Random noise adversely affects seismic signal resolution, subsequent interpretation, and reservoir prediction accuracy. In actual seismic exploration, it is often difficult and costly to obtain clean labels to train a denoising network. Compared with supervised learning, self-supervised learning does not need clean labels, but constructs supervised information according to the data itself. This paper presents a denoising network of seismic data based on self-supervised learning, which mainly includes four parts: data processing module, encoder, decoder, and residual noise separation module. The data processing module performs Bernoulli sampling on the input single 2D seismic signal to construct the supervision information. The encoder consists of four parts: partial convolution, dilated convolution, residual learning block, and down sampling. Dilated convolution can increase receptive fields and make the encoder better capture the features of useful signals. The decoder consists of up-sampling and standard convolution with a dropout strategy.
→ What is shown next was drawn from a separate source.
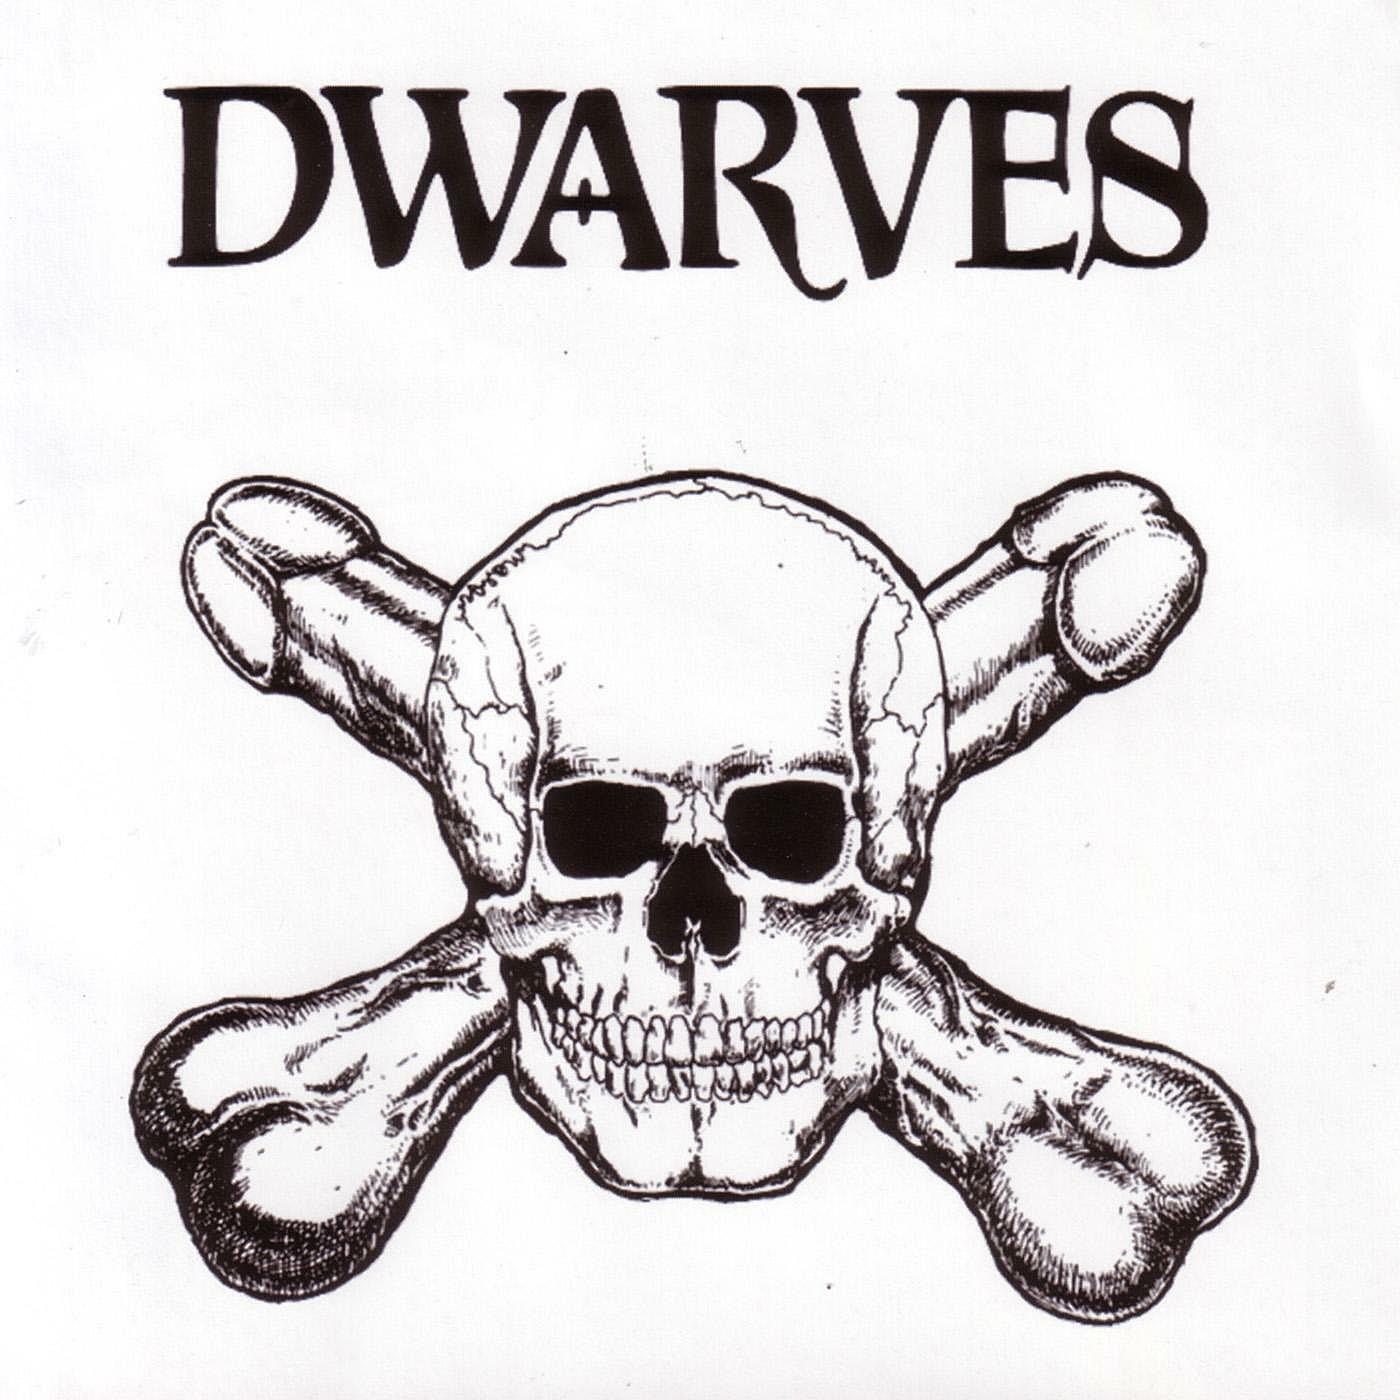 Dwarves blood guts pussy porn babes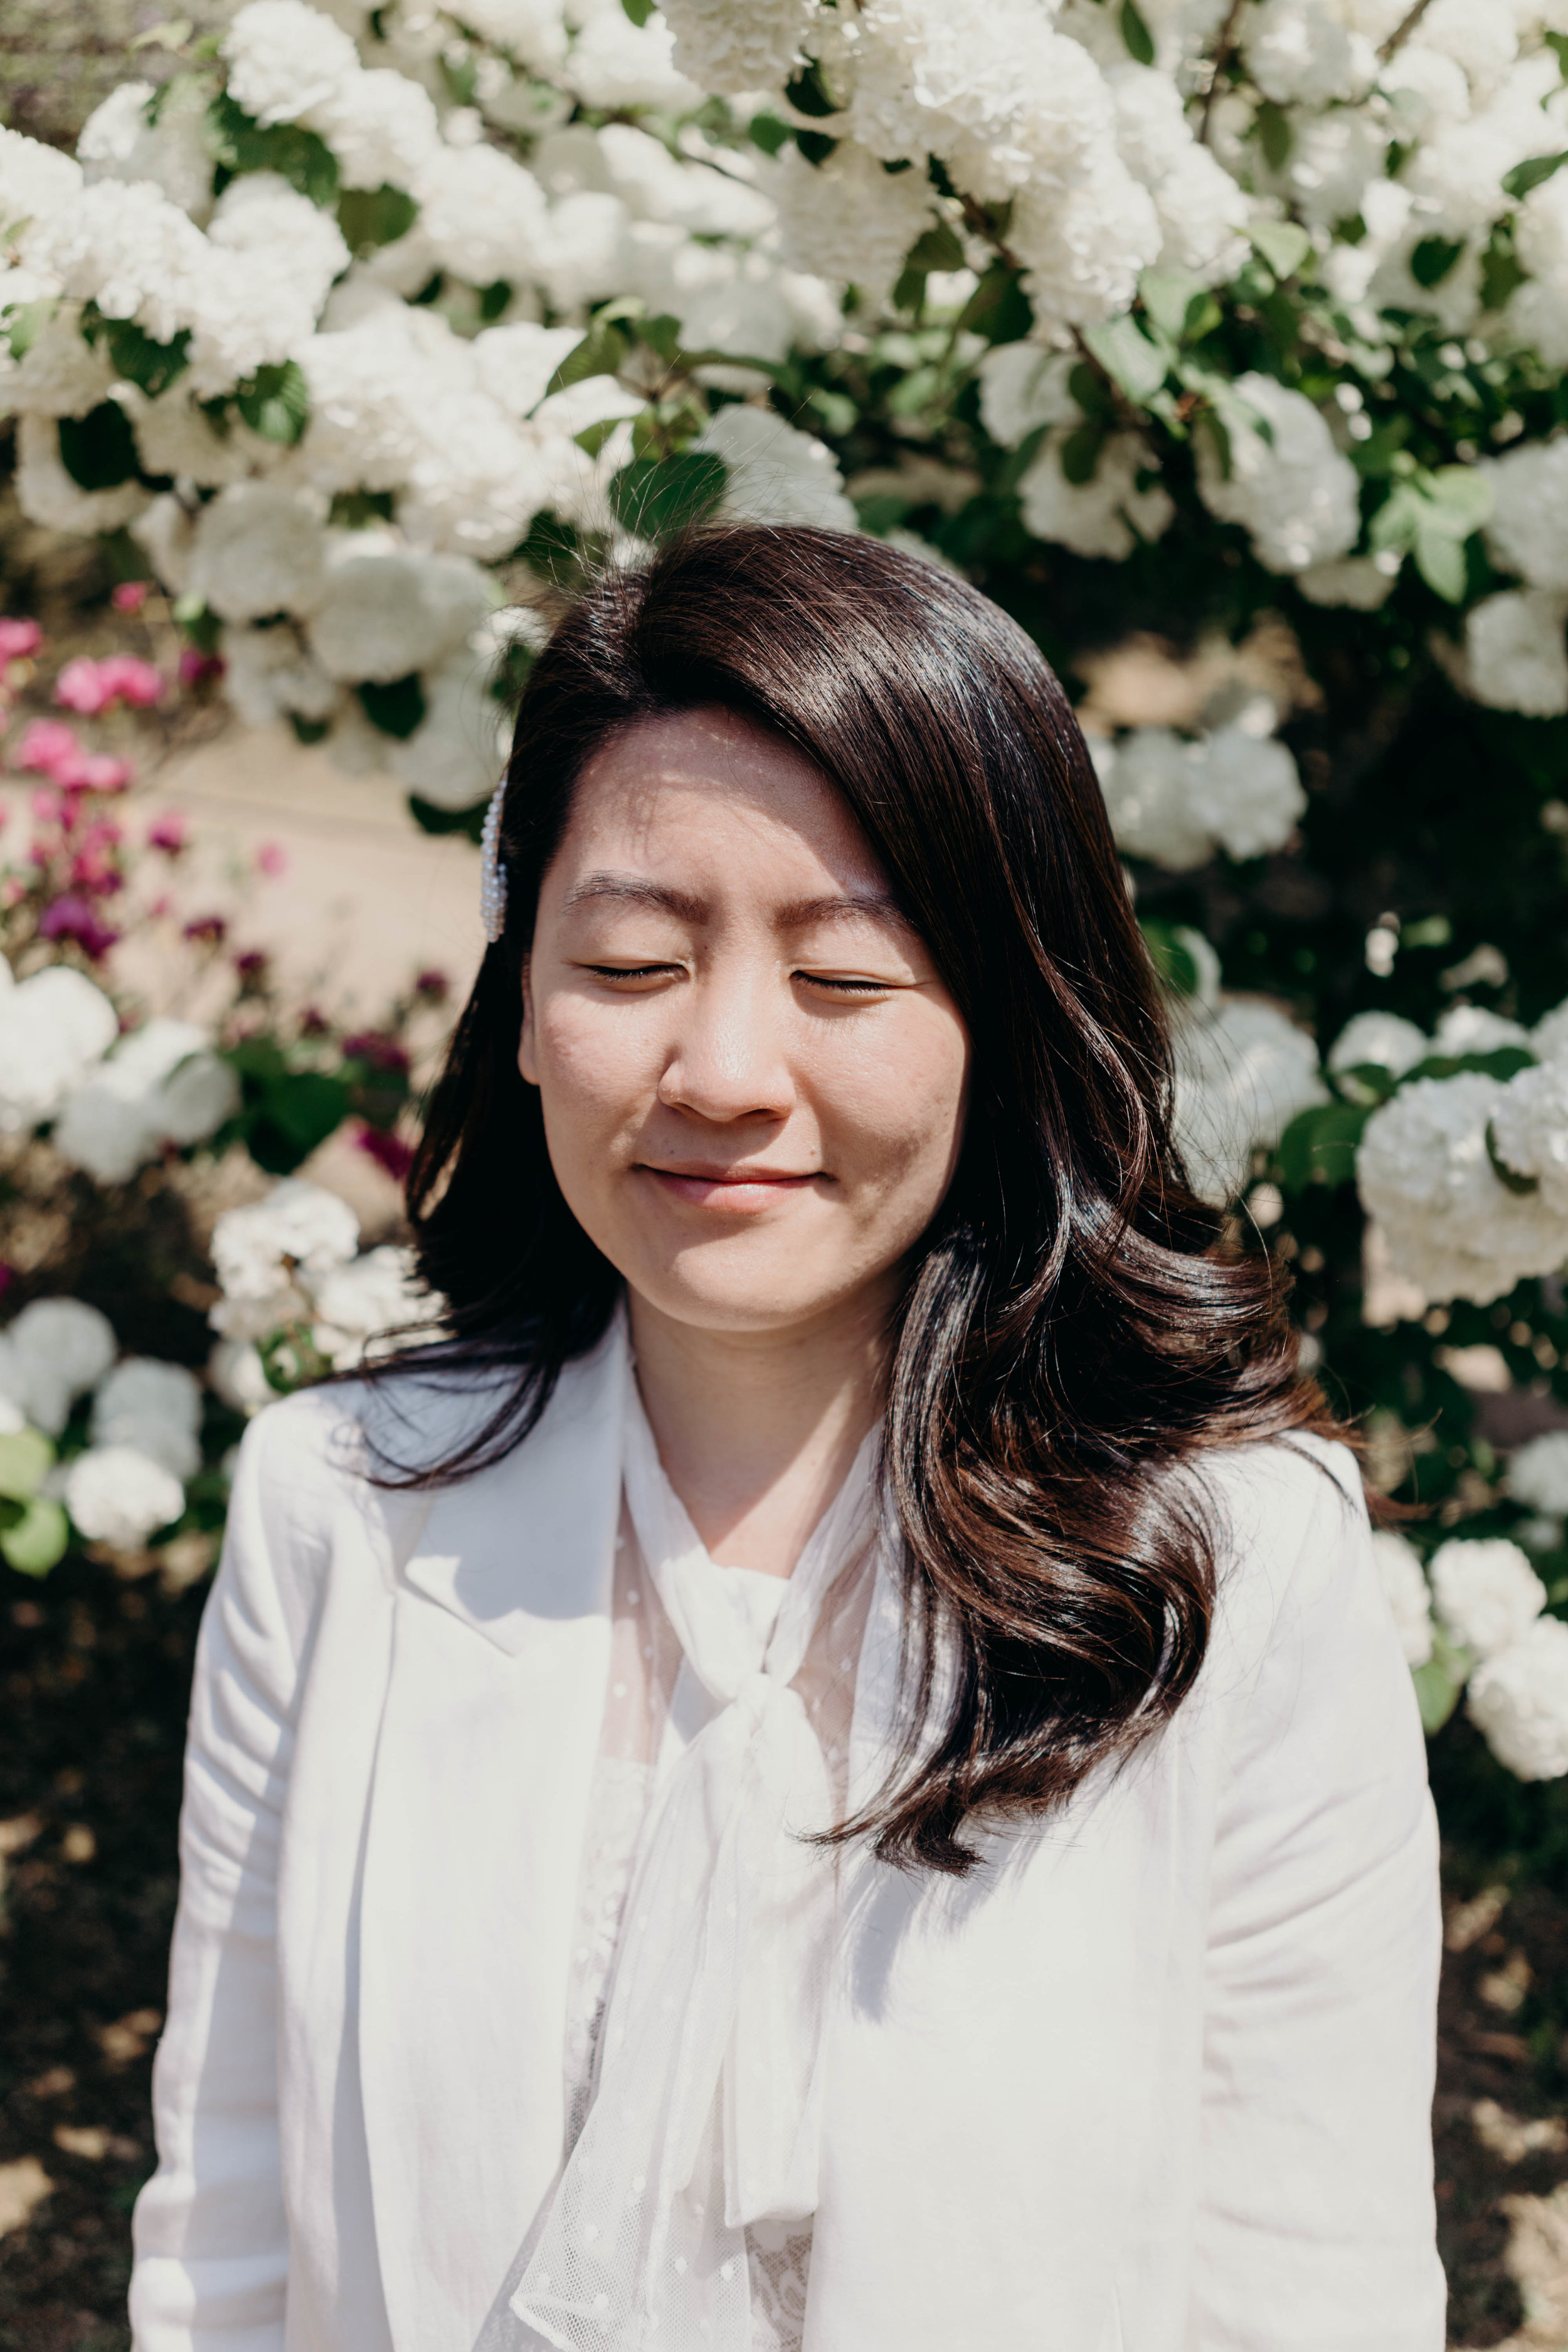 Bucket List Travels | On the Street Where We Live ( aretherelilactrees.com )  Kawachi Fuji Garden, Kitakyushu, Japan, Asia, wisteria, wisteria garden, wisteria tunnel, white blazer

The encoder and decoder use skip connections between the layers of the same height to realize the feature fusion of deep and shallow layers. The residual noise separation module obtains the predicted noise by calculating the residual between actual seismic data and predicted useful data, then uses the noise prior information as the regularization constraint to avoid the phenomenon of overfitting during training. The experimental results of synthetic and real seismic data indicate that our network not only suppresses random noise with effect, but also does have high fidelity.